When Krispy Kreme came on the scene, Australians were becoming more health conscious. And while Maccas adapted with menu additions like “Salads Plus”, Krispy Kreme didn’t.
That’s not the only reason Maccas has survived though. McDonald’s have tried to remain appealing to us at each stage of our lives.
I’d say a high percentage of Australians went to a Maccas birthday party when they were young. Probably with an ice cream cake. Kids have long been fascinated by their Happy Meals.
Maccas have sponsored a number of adolescent sports through the years. I remember receiving McDonald’s vouchers as prizes for Little Athletics. Another Puncher remembers a Big Mac voucher being the prize for winning a teenage tennis comp in the 1980s.
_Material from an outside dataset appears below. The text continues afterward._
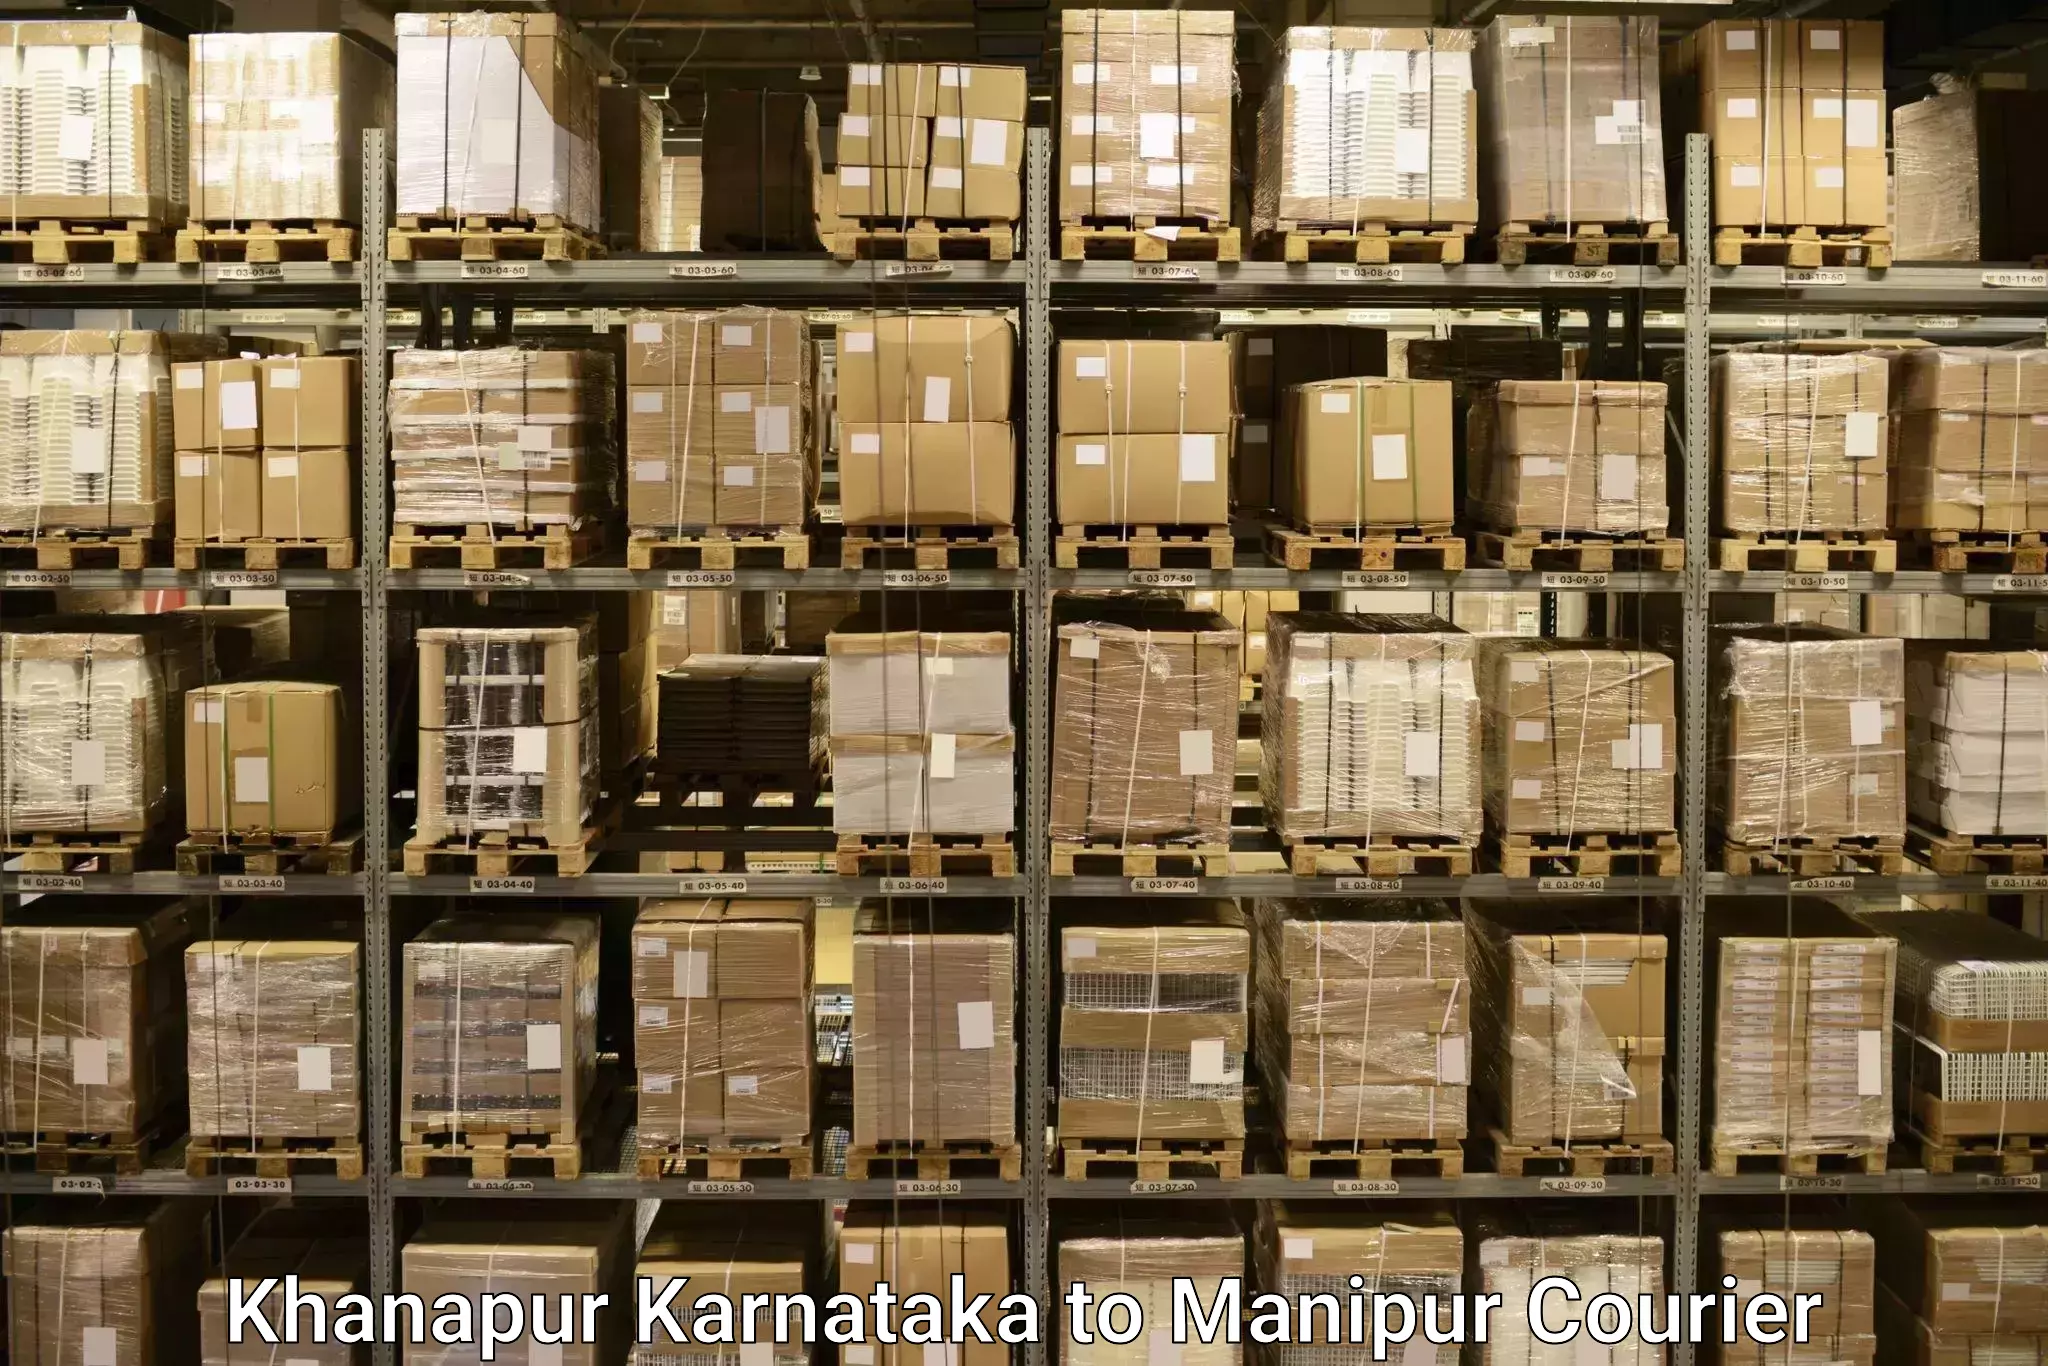 Luggage transfer service Khanapur Karnataka to Jiribam

An inordinate number of adolescents have been known to use Maccas play equipment. Many adults develop a Maccas habit for life. And when kids start growing up and drinking alcohol, they soon learn that a vat of grease from McDonald’s is the best hangover prevention tool or hangover-easing solution.
And all along Maccas has adapted with the winds of change. When their competitors started telling us to Eat Fresh, Maccas brought out fresh products and fresh uniforms themselves. There are more than 800 outlets throughout Australia. I bet you can think of one or sixteen in a ten K radius right now.
The uniforms might be different, your burger might consist of a higher quantity of lettuce and the “restaurants” might just a little bit fancier than they used to.
But Ronald’s still laughing all the way to the bank for the same reasons he was a decade ago.